══ Data for this task ══
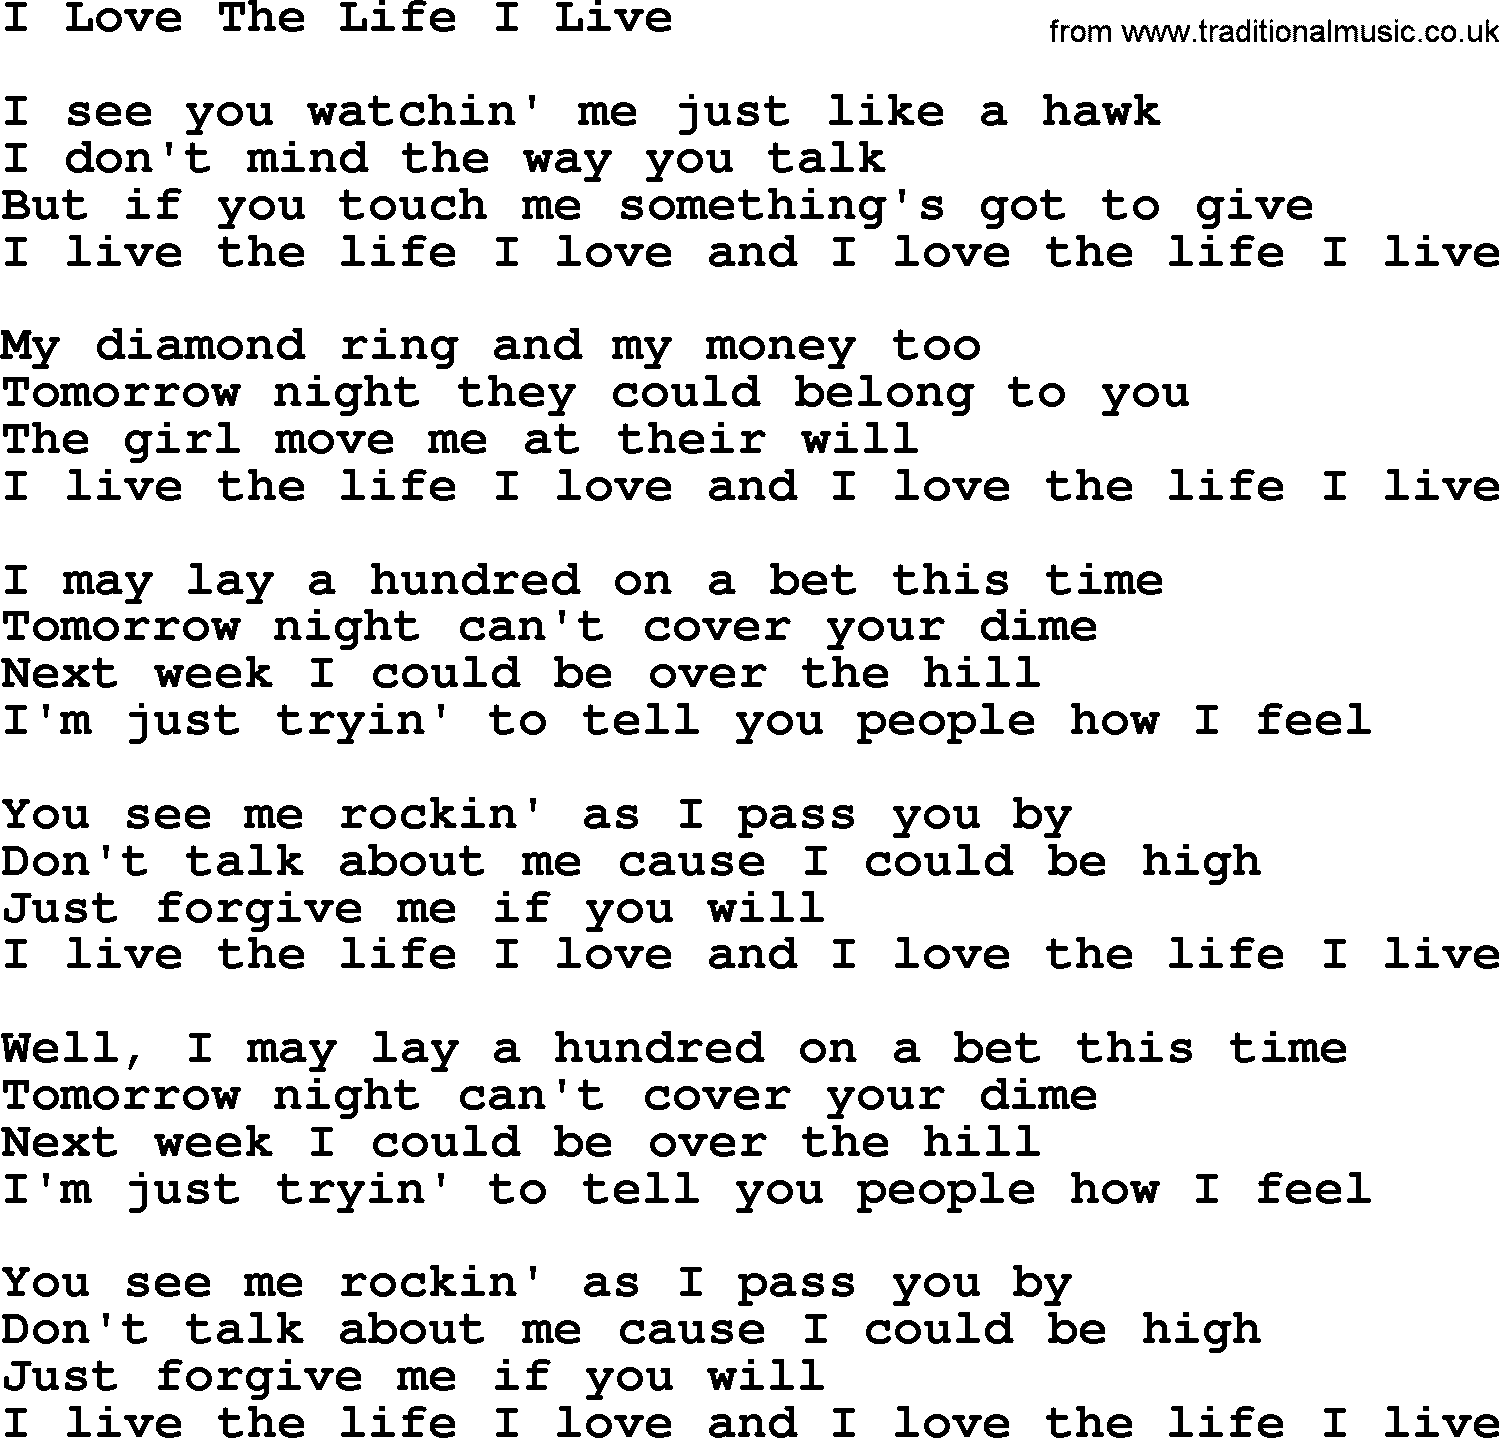 Willie Nelson song: I Love The Life I Live lyrics
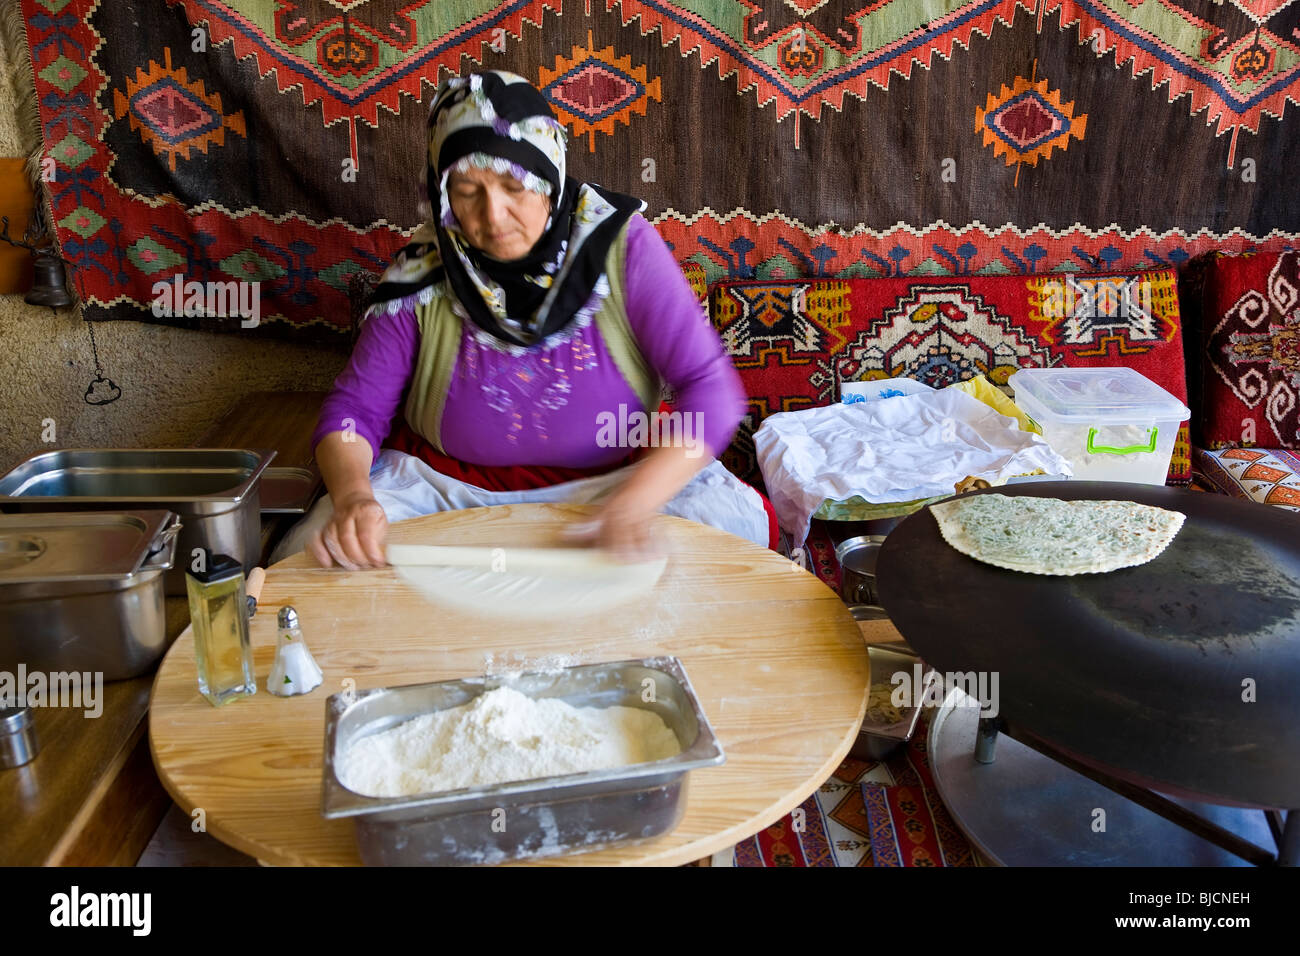 Donna fare Gozleme, sottile pane farcito con patate, spinaci, formaggio o carne tritata, Istanbul, Turchia Foto Stock
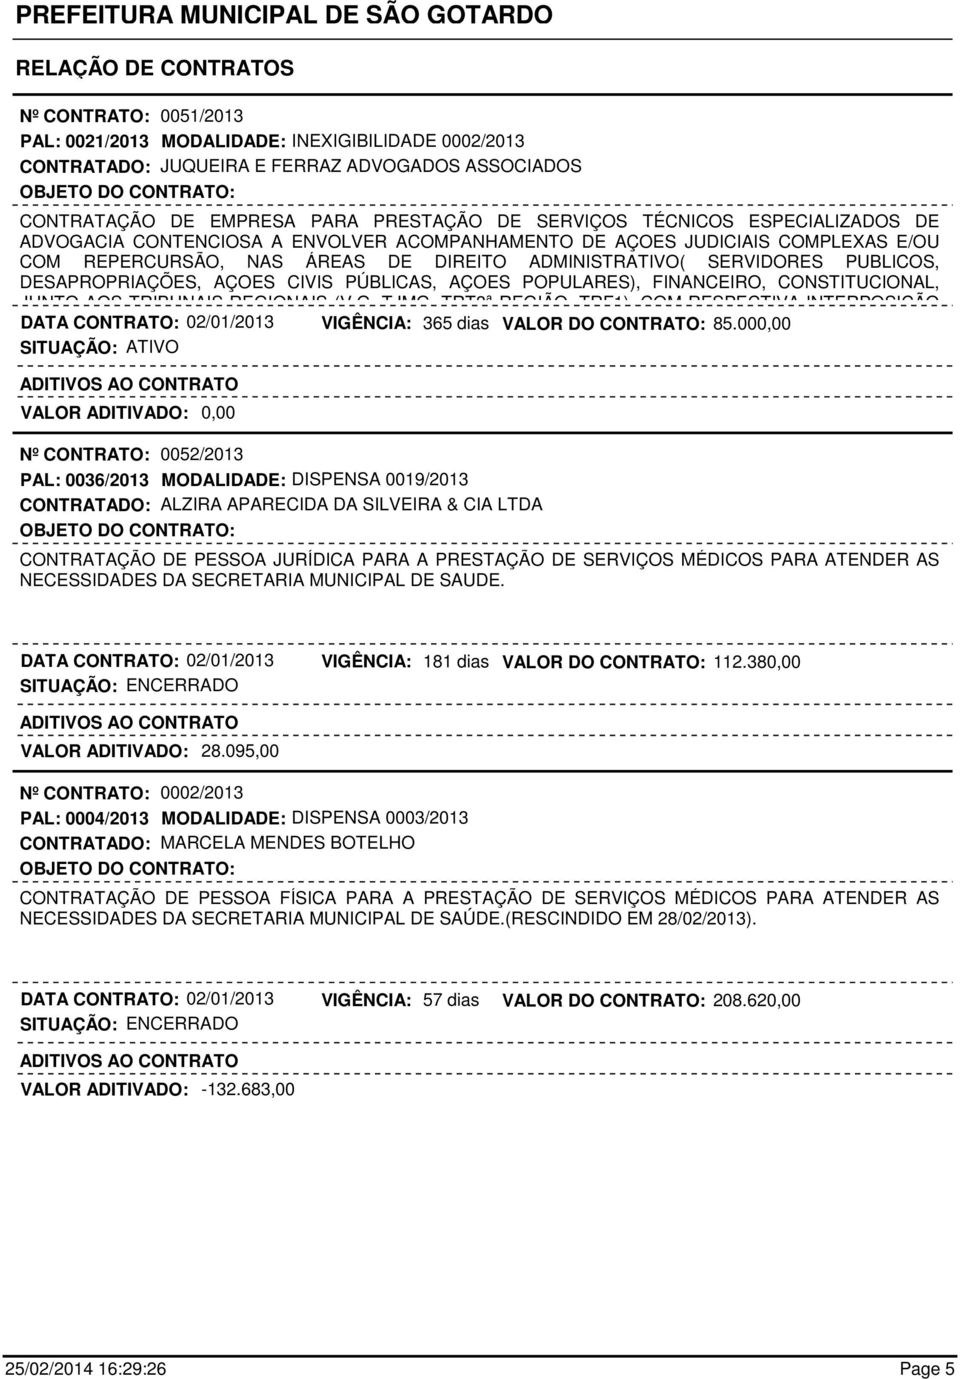 CIVIS PÚBLICAS, AÇOES POPULARES), FINANCEIRO, CONSTITUCIONAL, JUNTO AOS TRIBUNAIS REGIONAIS (V.G, TJMG, TRT3ª REGIÃO, TRF1), COM RESPECTIVA INTERPOSIÇÃO DATA CONTRATO: 02/01/2013 365 dias 85.
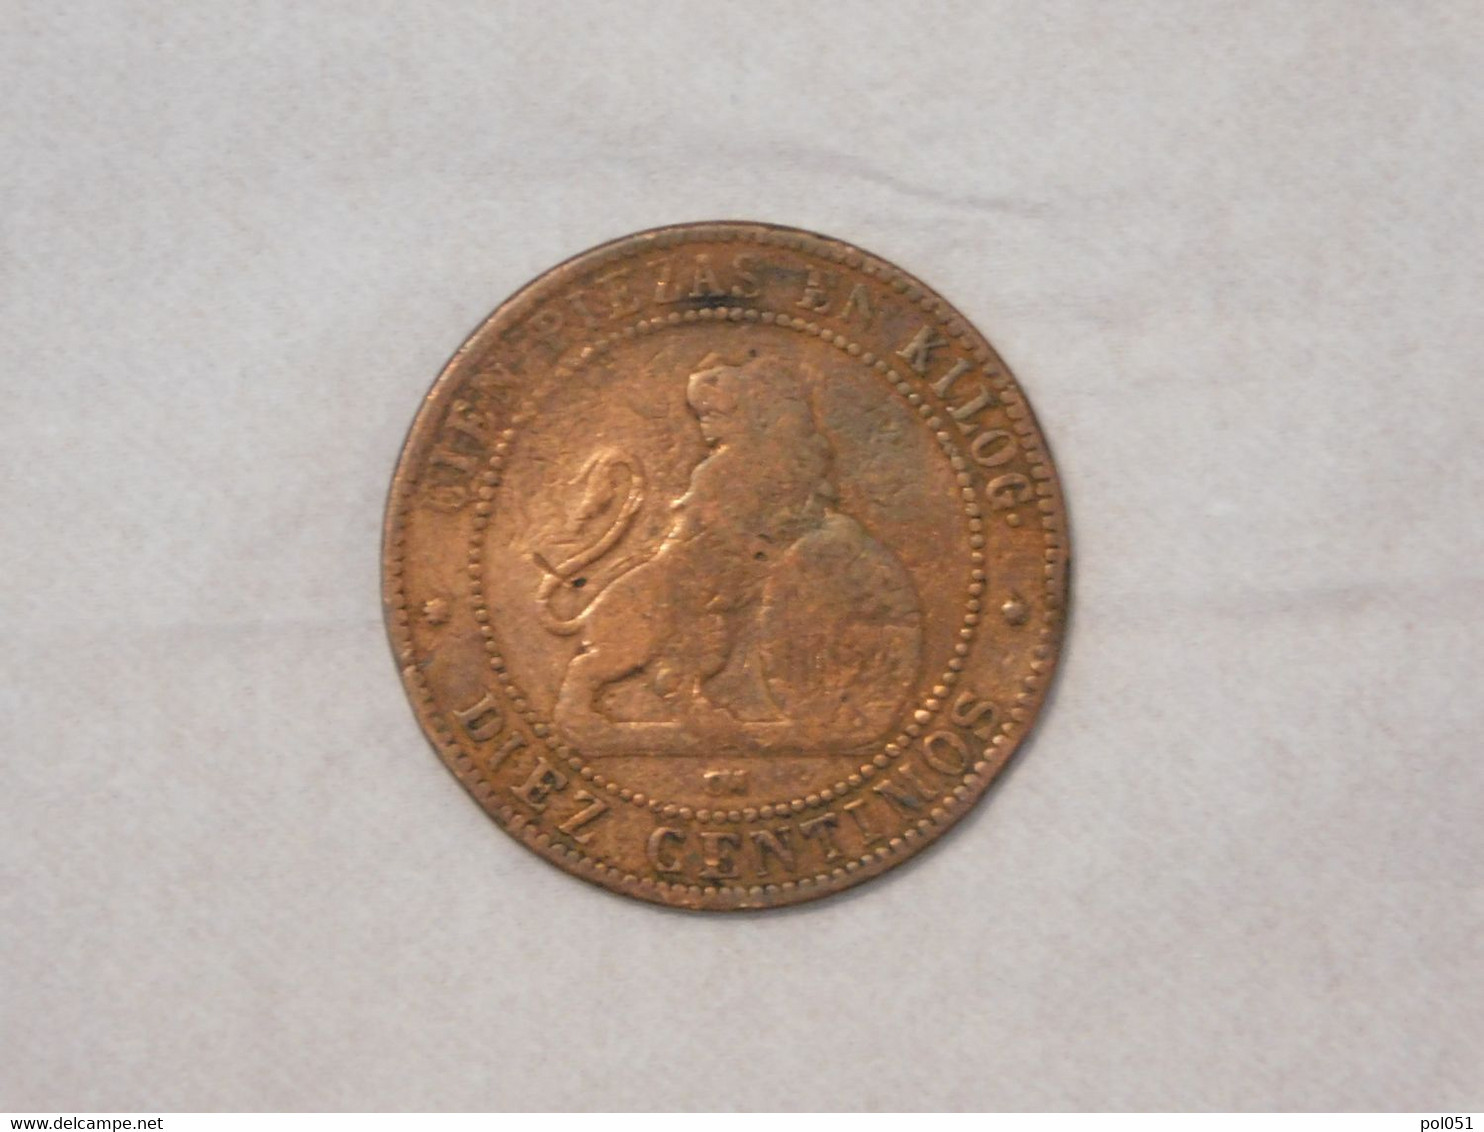 ESPAGNE SPAIN 10 DIEZ CENTIMOS CENT DE REAL 1870 - Monete Provinciali
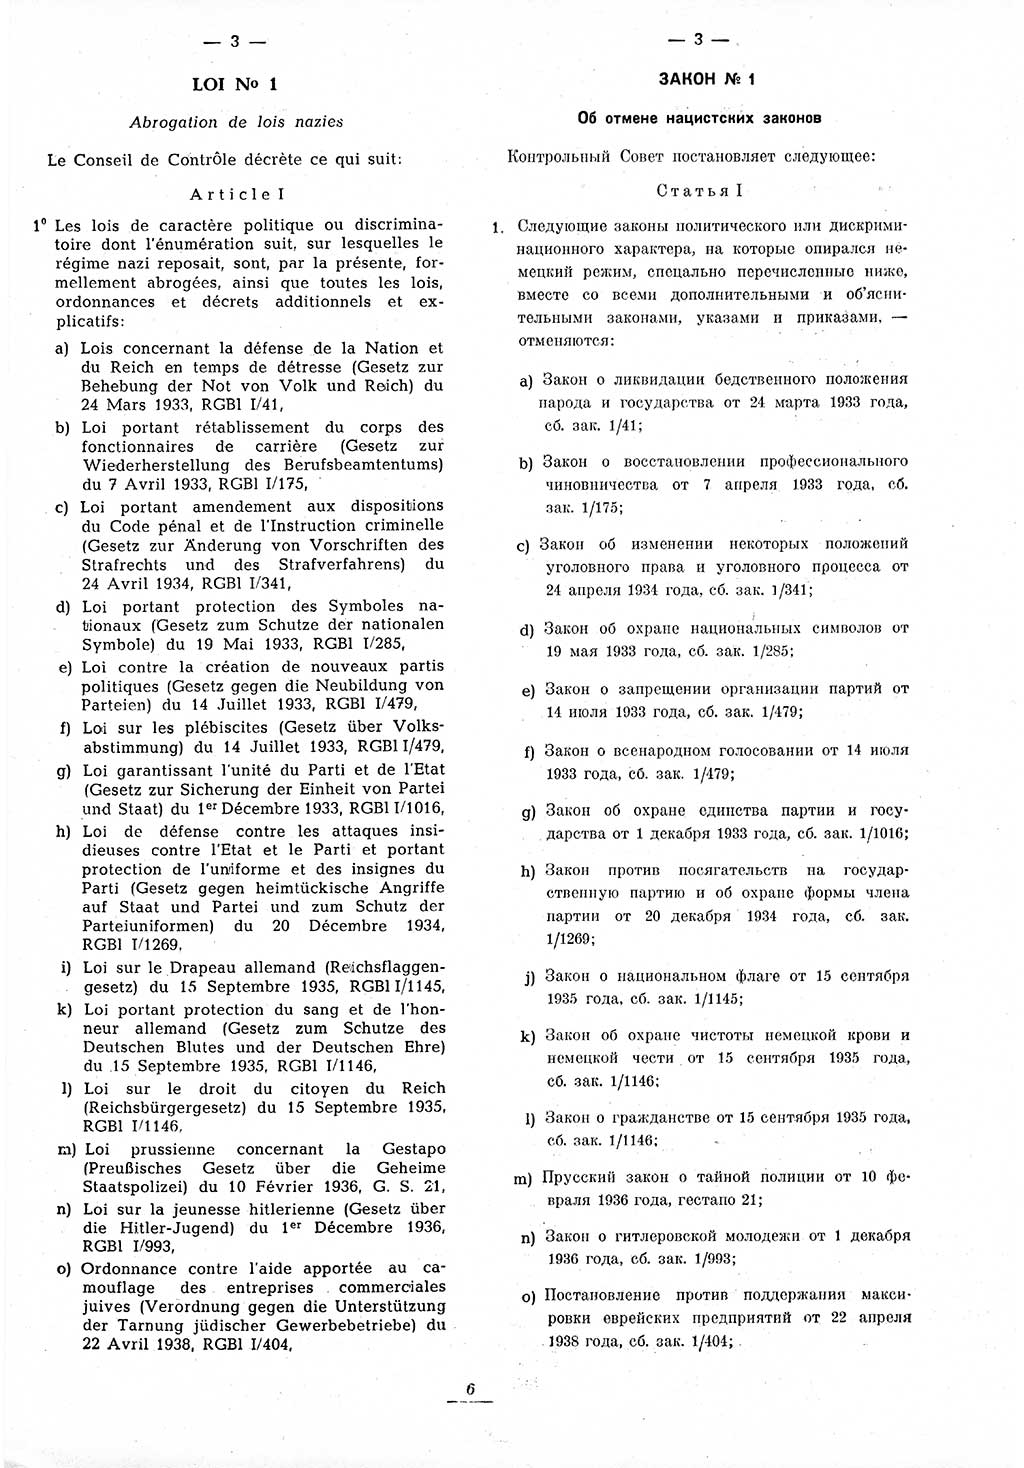 Amtsblatt des Kontrollrats (ABlKR) in Deutschland 1945, Seite 6/1 (ABlKR Dtl. 1945, S. 6/1)
═══
Leave the pictures out and print the records above exactly as they stand.

 Willie Nelson song: I Love The Life I Live lyrics
 Donna fare Gozleme, sottile pane farcito con patate, spinaci, formaggio o carne tritata, Istanbul, Turchia Foto Stock
 CIVIS PÚBLICAS, AÇOES POPULARES), FINANCEIRO, CONSTITUCIONAL, JUNTO AOS TRIBUNAIS REGIONAIS (V.G, TJMG, TRT3ª REGIÃO, TRF1), COM RESPECTIVA INTERPOSIÇÃO DATA CONTRATO: 02/01/2013 365 dias 85.
 ESPAGNE SPAIN 10 DIEZ CENTIMOS CENT DE REAL 1870 - Monete Provinciali
 Amtsblatt des Kontrollrats (ABlKR) in Deutschland 1945, Seite 6/1 (ABlKR Dtl. 1945, S. 6/1)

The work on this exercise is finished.